Haskell point-free style with no functions in the expression

Question

I've been trying to take some simple functions and convert them to point-free style for practice. I started with something like this:

zipSorted x y = (zip . sort) y $ sort x --zipSorted(x, y) = zip(sort(y), sort(x))

and eventually converted it to

zipSorted = flip (zip . sort) . sort

(I'm not sure if this is even the best way to do it but it works)

Now I'm trying to further reduce this expression by not having it depend on zip and sort at all. In other words, I'm looking for this function: (I think its a combinator if my vocabulary isn't mistaken)

P(f, g, x, y) = f(g(y), g(x))

The fact that sort is present twice but only passed in once hinted to me that I should use the applicative functor operator <*> but I can't figure out how for some reason.

From my understanding, (f <*> g)(x) = f(x, g(x)), so I've tried re-writing the first point-free expression in this form:

flip (zip . sort) . sort
(.) (flip $ zip . sort) sort
(flip (.)) sort $ flip (zip . sort)
(flip (.)) sort $ flip $ (zip .) sort

It seems that sort should be x, (flip (.)) should be f, and flip . (zip .) should be g.

p = (flip (.)) <*> (flip . (zip .))
p sort [2, 1, 3] [4, 1, 5]

yields [(1, 1), (4, 2), (5, 3)] as expected, but now I'm lost on how to pull the zip out. I've tried

p = (flip (.)) <*> (flip . (.))
p zip sort [2, 1, 3] [4, 1, 5]

but this doesn't work. Is there a way to convert that expression to a combinator that factors out zip?

Answer 1

Let's start from the beginning:

zipSort x y = zip (sort y) (sort x)

It's slightly weird that it uses its arguments in the opposite order, but we can fix that later with flip.

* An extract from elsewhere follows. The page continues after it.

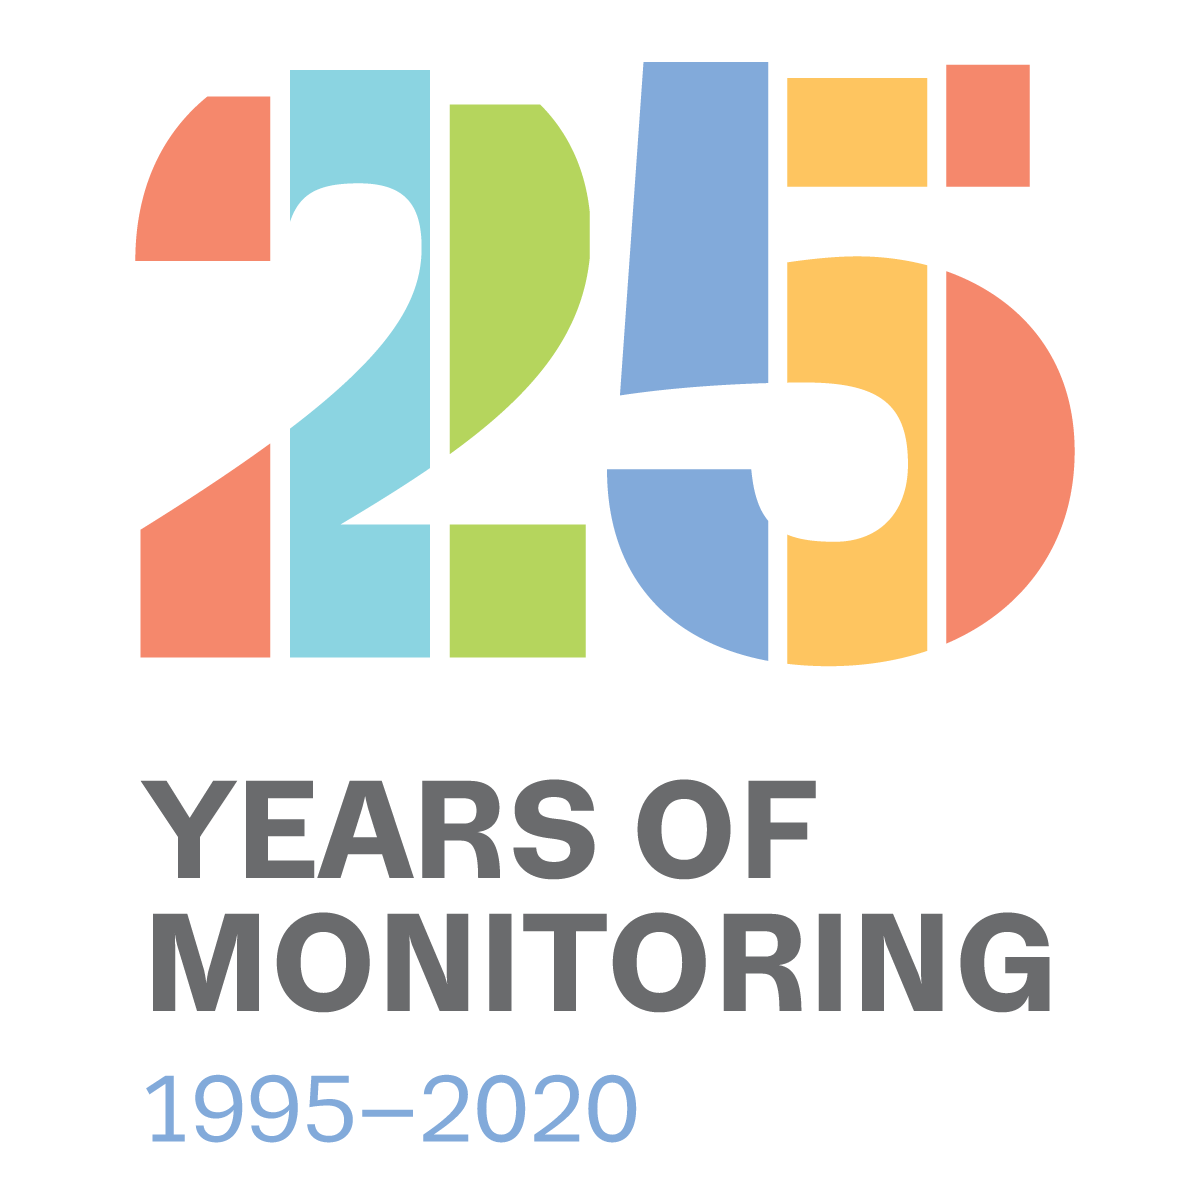 25 year of drug monitoring (1995-2020)

Here we have a general pattern of a "combining" function of two arguments (here: zip) being passed two values transformed by another function. If we had the same base argument but different transformers, this would have been a liftA2 pattern:

  c (f x) (g x)
==
  liftA2 c f g x

But here it's the opposite: We have the same transform function on both sides (here: sort), but different arguments (x and y). That's on:

  c (f x) (f y)
==
  (c `on` f) x y

In your case we get:

zip (sort y) (sort x)
(zip `on` sort) y x
flip (zip `on` sort) x y

So

zipSort = flip (zip `on` sort)  -- or: flip (on zip sort)

We can further pull out zip and sort by recognizing the standard two-argument-into-one-argument-function composition:

(\x y -> f (g x y)) == (f .) . g

giving

zipSort = ((flip .) . on) zip sort

Note that this function is less general than the pointful version, however. The original function has type

(Ord a, Ord b) => [a] -> [b] -> [(b, a)]

but the pointfree version has type

(Ord a) => [a] -> [a] -> [(a, a)]

because unifying the two sorts forces them to have the same type.

Answer 2

I just asked lambdabot for the answer, rather than trying to work it out by hand:

<amalloy> @pl \zip sort x y -> (zip . sort) y $ sort x
<lambdabot> join . (((.) . flip) .) . (.)